Fails editing/deleting/pruning-after-merge-1.html (And a few other editing tests) still.
Comment 6 Eric Seidel (no email) 2011-03-04 18:31:03 PST
It might be possible to re-write addChild to compute nextRenderer itself in the few places it may be needed.  (It certainly could reach through renderer->node()->nextRenderer() in all non-anonymous cases).

Or we could create a RendererAddRequest object to hold nextRenderer in the few places it's actually used.

Interestingly enough, when I first did a niave implementation of this fastNextRenderer, it disappeared off of the peacekeeper shark sample, but the peacekeeper numbers didn't get any better.  Making me wonder if shark is leading me astray.
Comment 7 Eric Seidel (no email) 2011-03-07 11:43:48 PST
(In reply to comment #6)
> Interestingly enough, when I first did a niave implementation of this fastNextRenderer, it disappeared off of the peacekeeper shark sample, but the peacekeeper numbers didn't get any better.  Making me wonder if shark is leading me astray.

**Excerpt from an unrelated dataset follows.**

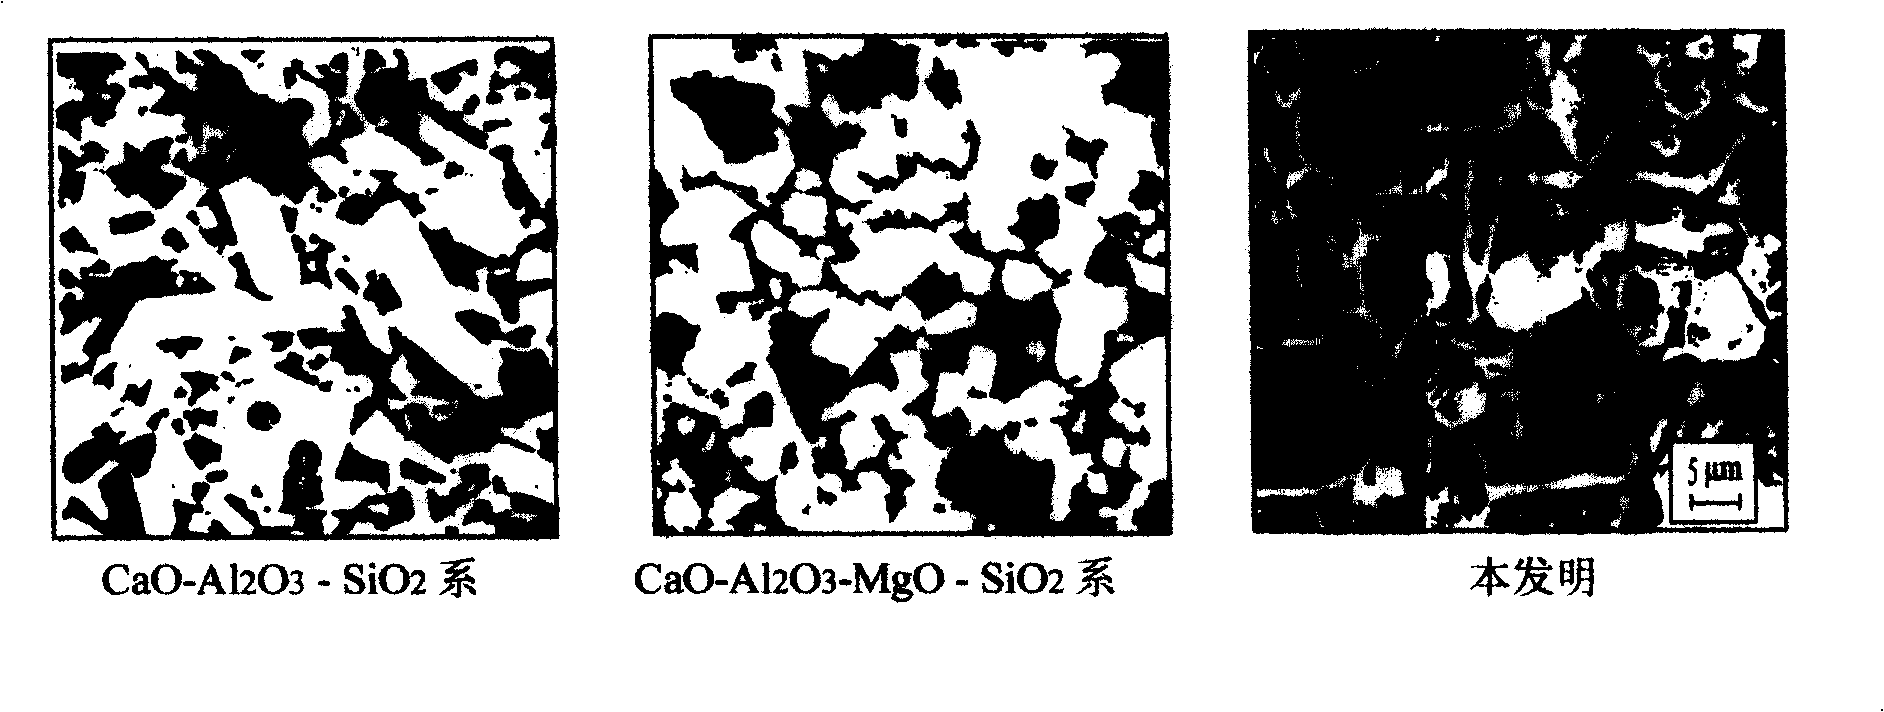 CaO-Al2O3-MgO-ZrO2-SiO2 series aluminum oxide electronic ceramics

Someone who wanted to work on this bug could and *should* confirm that, by simply replacing the nextRenderer() call in createRendererIfNecessary with "0" and re-running peacekeeper.  I saw no change in time on my machine, *despite* the previously 25% of the sample which was in nextRenderer() disappearing.   However it's possible I misread the peacekeeper numbers.  My current theory is that Shark's 25% attribution to nextRenderer() is a bug.
Comment 8 Ahmad Saleem 2024-04-10 06:54:43 PDT
Took test case from Mozilla bug - https://bug922016.bmoattachments.org/attachment.cgi?id=811946

*** Firefox Nightly 126 ***

161 ms

*** Safari Technology Preview 191 ***

118 ms

*** Chrome Canary 125 ***

191 ms

____

@Rysouke - do we need to squeeze anymore performance from this old benchmark or Speedometer would cover these and this can be closed?
Comment 9 Ryosuke Niwa 2024-04-10 12:51:10 PDT
We're no longer tracking this benchmark.